** Task requirements **
When you reach the line that contains "And I believe", begin copying exactly and continue through the last line below. Do not copy pictures.
====== Given data
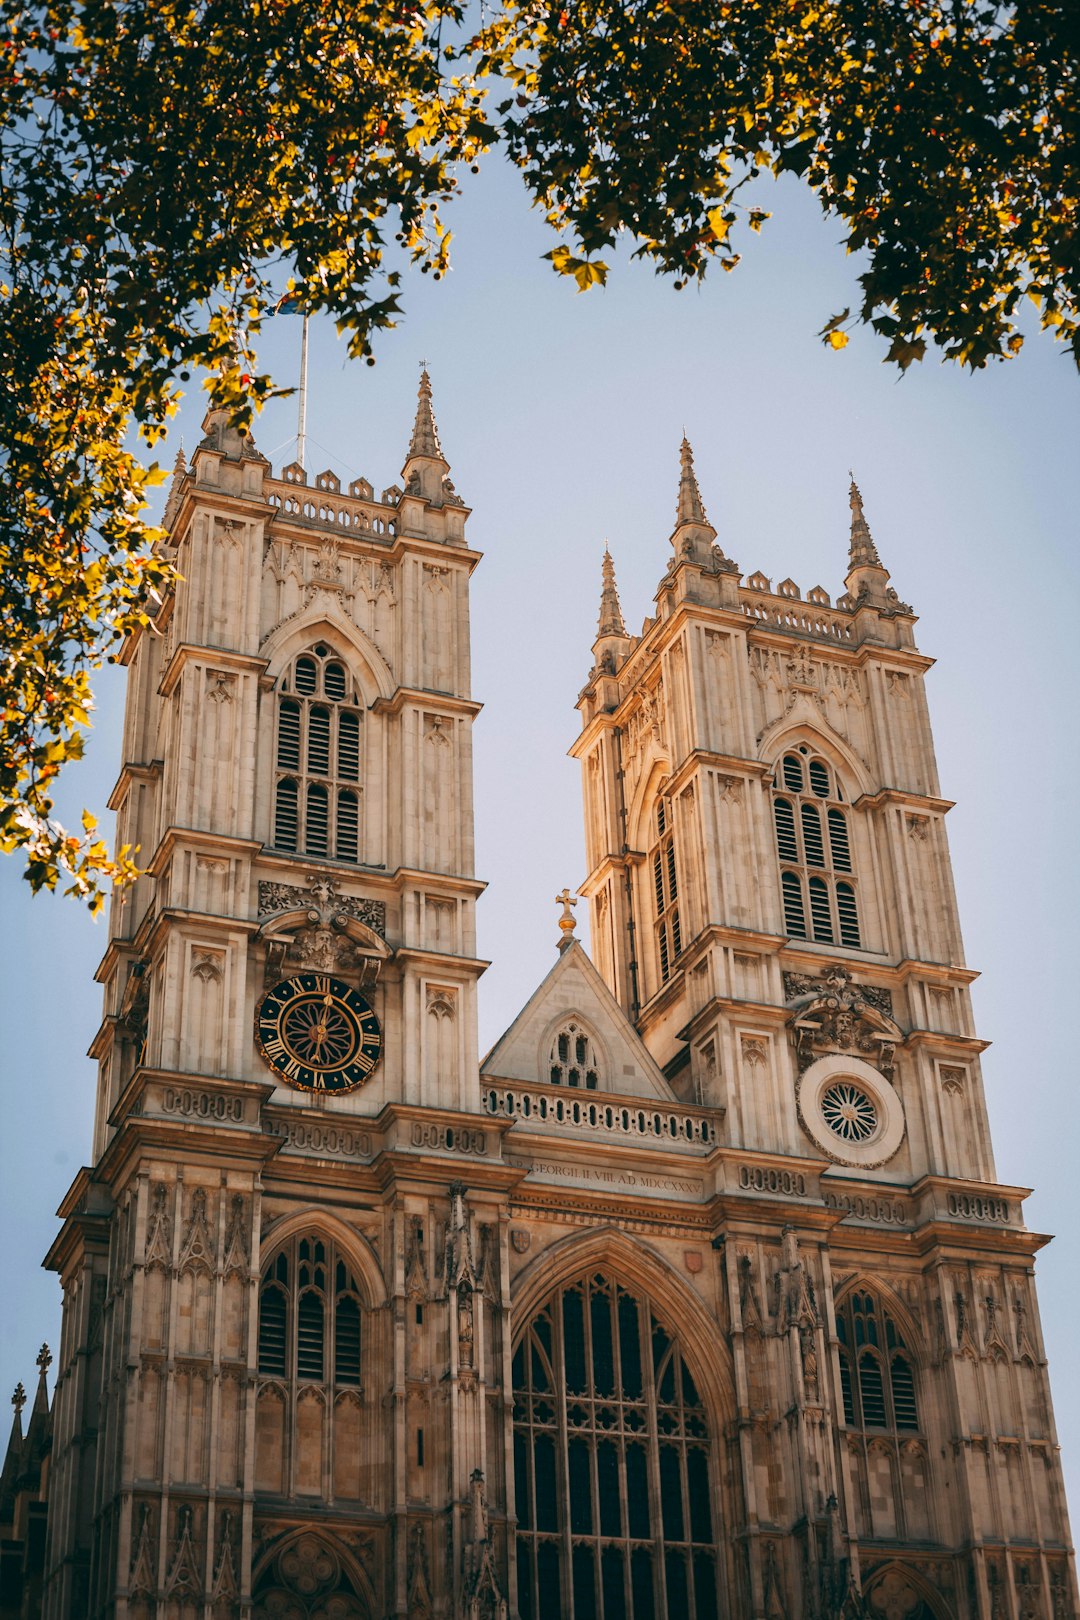 Luckily, during my trip in London, the weather was just amazin. No clouds, pure sun, something you don’t see everyday!
And I believe this photography is one of my best during this trip because of the light, weather and of course subject. The Westminster Abbey
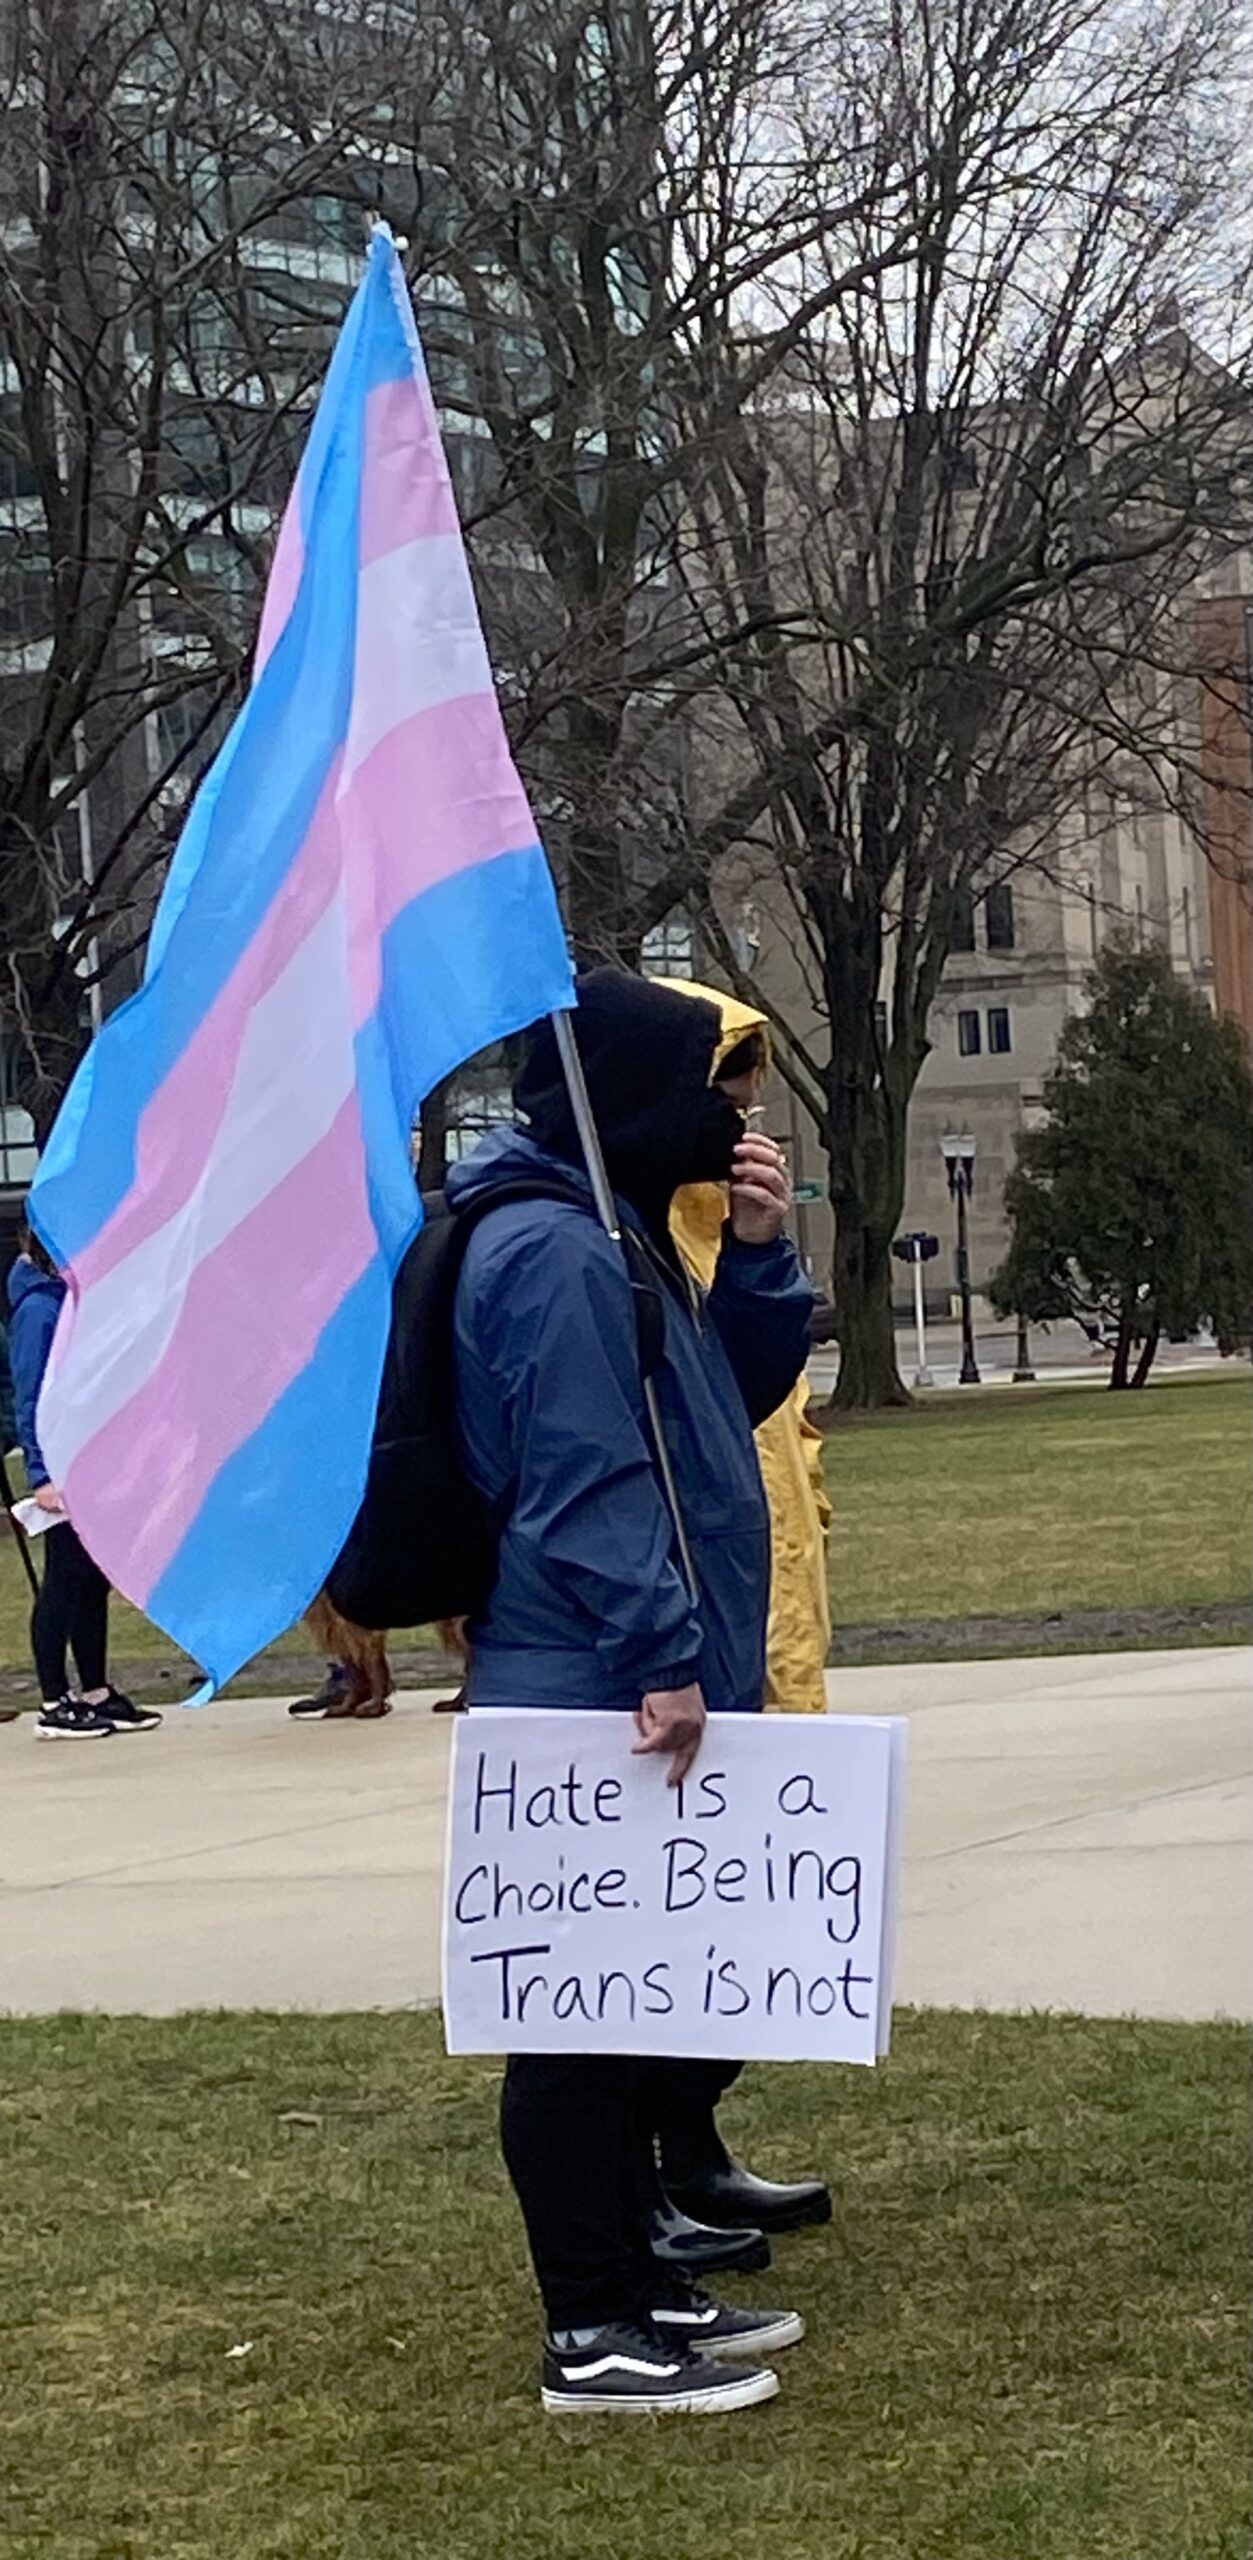 Activist holding a transgender flag (blue, pink, and white) and a sign that says "hate is a choice. being trans is not."
============
** Solution for this exercise **
And I believe this photography is one of my best during this trip because of the light, weather and of course subject. The Westminster Abbey
 Activist holding a transgender flag (blue, pink, and white) and a sign that says "hate is a choice. being trans is not."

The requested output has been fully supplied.